Fly Mutants Lacking Dynamin Cannot Recycle Synaptic Vesicles

Synaptic vesicles are formed primarily by endocytic budding from the plasma membrane of axon termini. Endocytosis usually involves clathrin-coated pits and is quite specific, in that several membrane proteins unique to the synaptic vesicles (e.g., neurotransmitter transporters) are specifically incorporated into the endocytosed vesicles and resident plasma membrane proteins (e.g., the voltage-sensitive Ca2+channel) remain. In this way, synaptic-vesicle membrane proteins can be reused and the recycled vesicles refilled with neurotransmitter (see Figure 22-26, step 6).

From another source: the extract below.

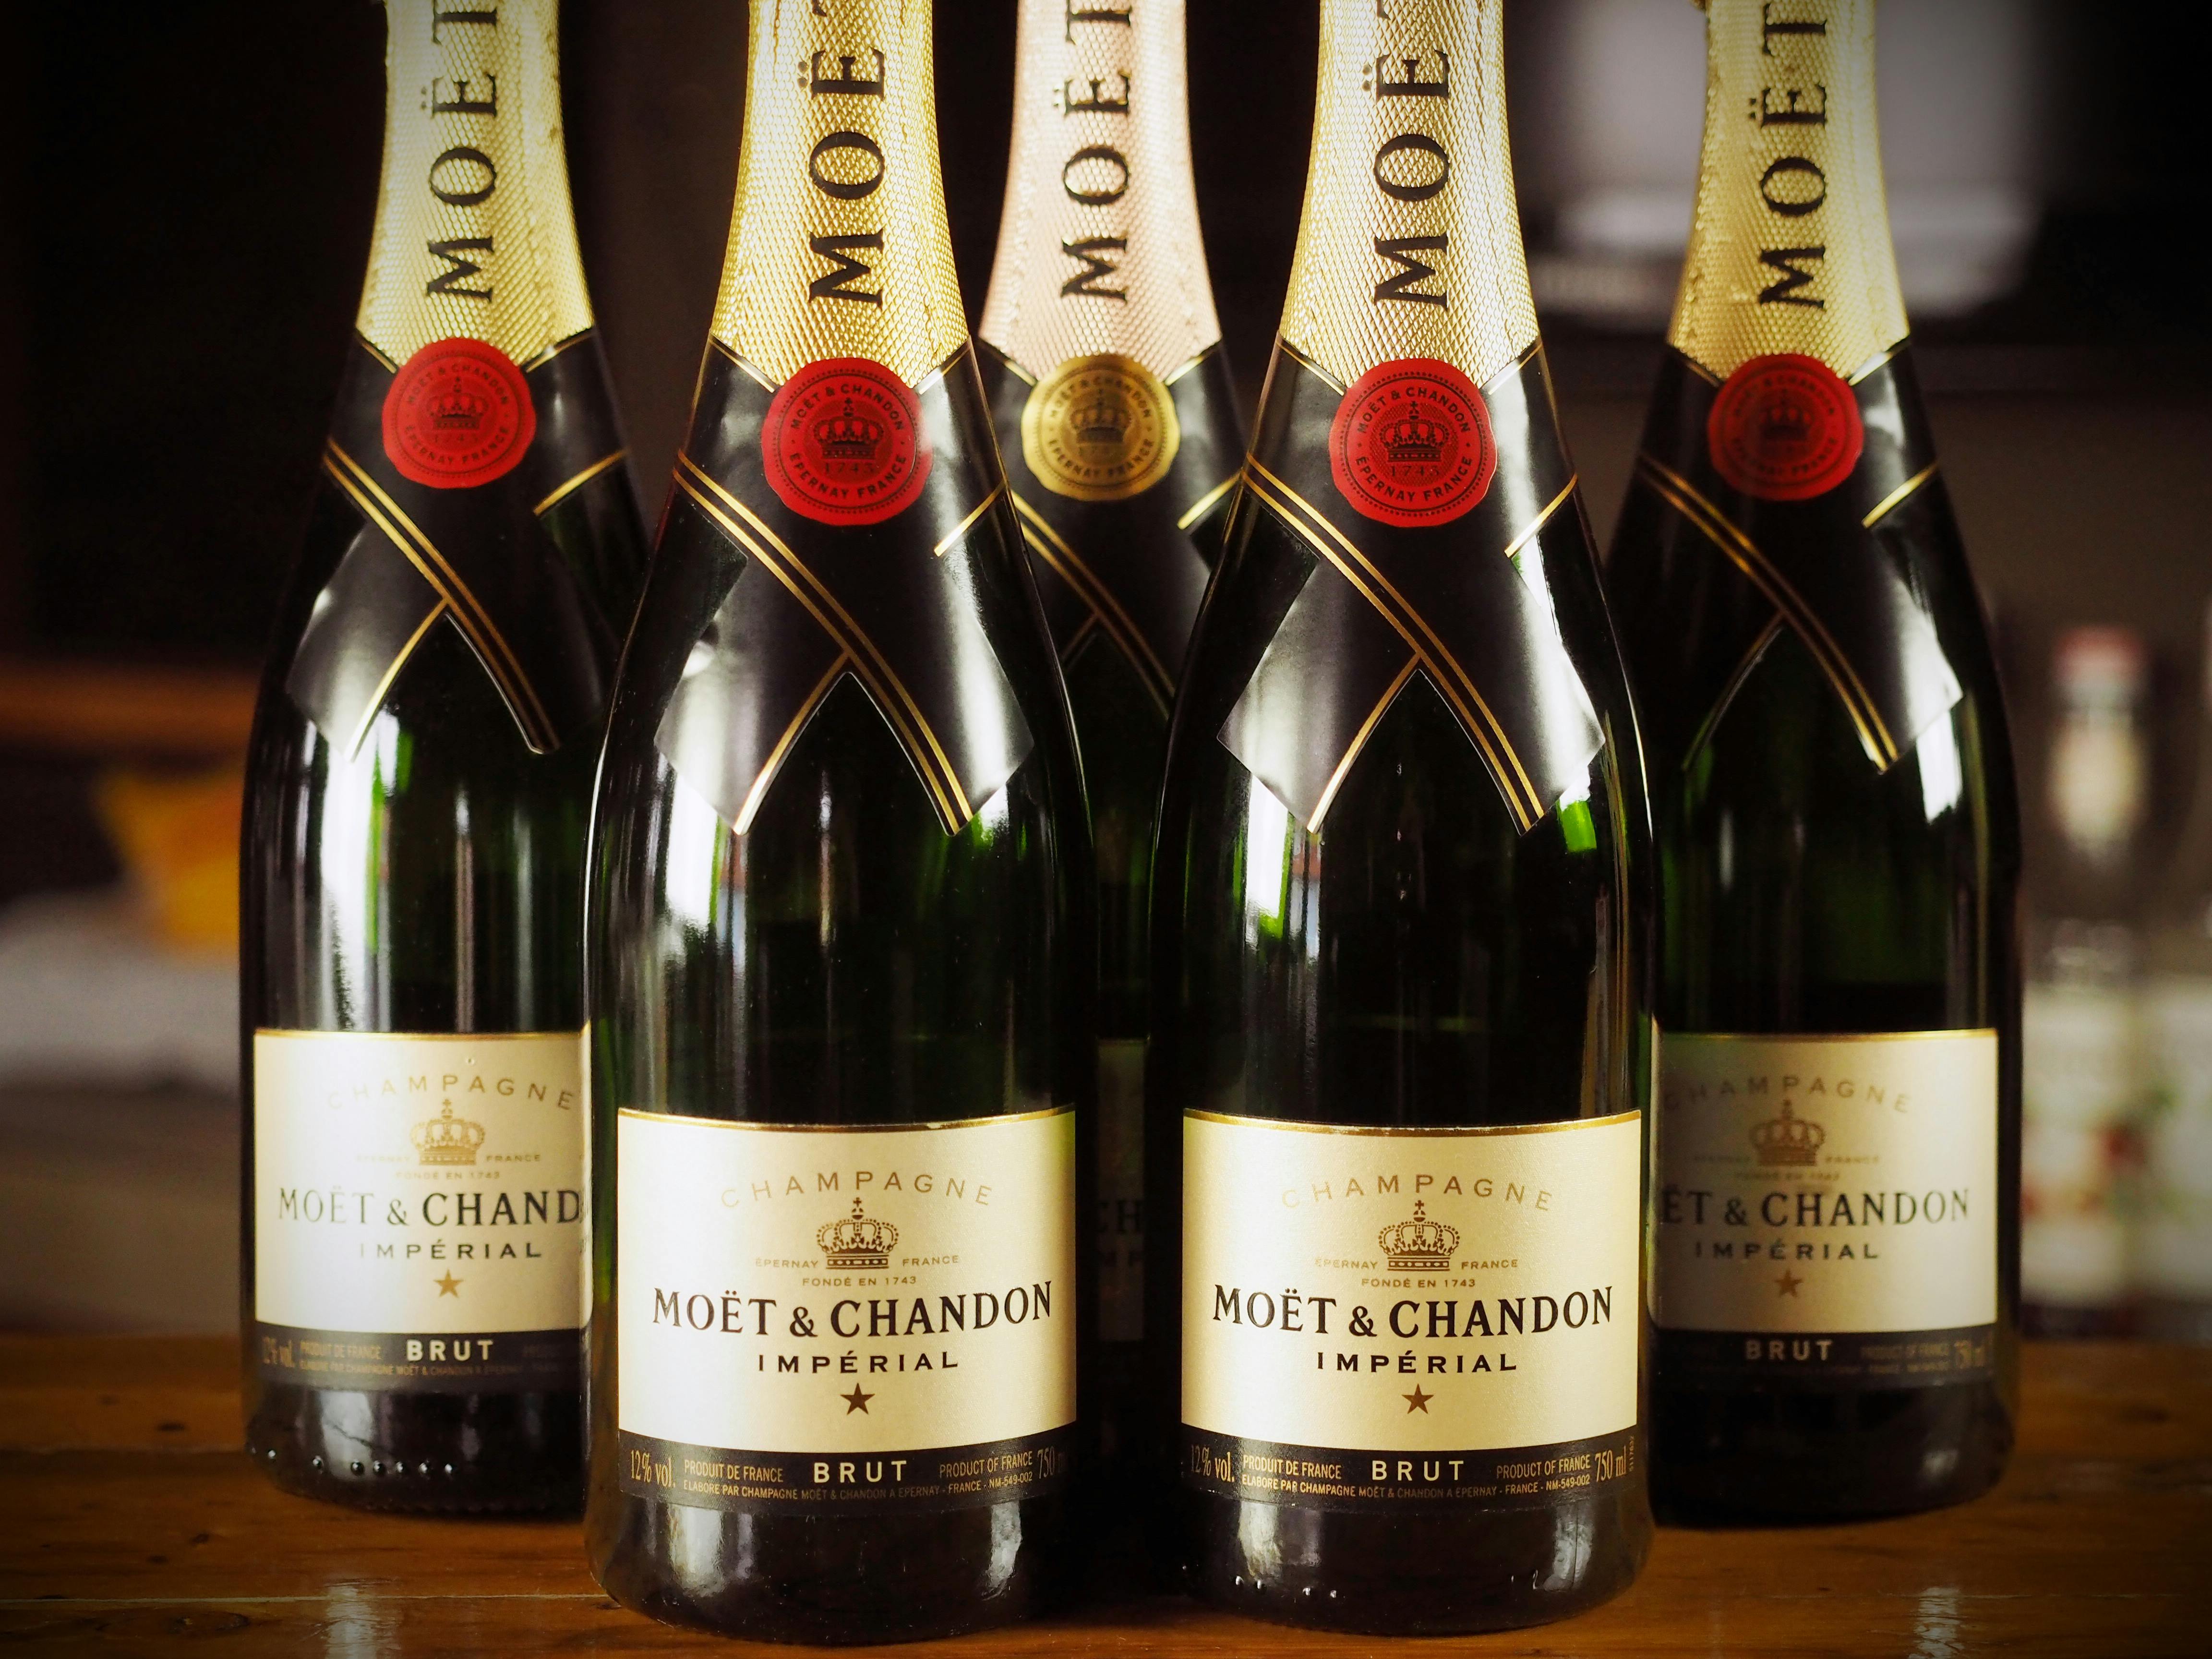 Champagne Moet Chandon Stock Photo - Download Image Now

As in the formation of other clathrin/AP-coated vesicles, pinching off of endocytosed synaptic vesicles requires the GTP-binding protein dynamin (see Figure 14-19). Indeed, analysis of a temperature-sensitive Drosophila mutant called shibire (shi), which encodes the fly dynamin protein, provided early evidence for the role of dynamin in endocytosis. At the permissive temperature of 20 °C, the mutant flies are normal, but at the nonpermissive temperature of 30 °C, they are paralyzed (shibire, “paralyzed,” in Japanese) because pinching off of clathrin-coated pits in neurons and other cells is blocked. When viewed in the electron microscope, the shi neurons at 30 °C show abundant clathrin-coated pits with long necks but few clathrin-coated vesicles. The appearance of nerve termini in shi mutants at the nonpermissive temperature is similar to that of termini from normal neurons incubated in the presence of a nonhydrolyzable analog of GTP (see Figure 14-20). Because of their inability to pinch off new synaptic vesicles, the neurons in shi mutants eventually become depleted of synaptic vesicles when flies are shifted to the nonpermissive temperature, leading to a cessation of synaptic signaling and to paralysis.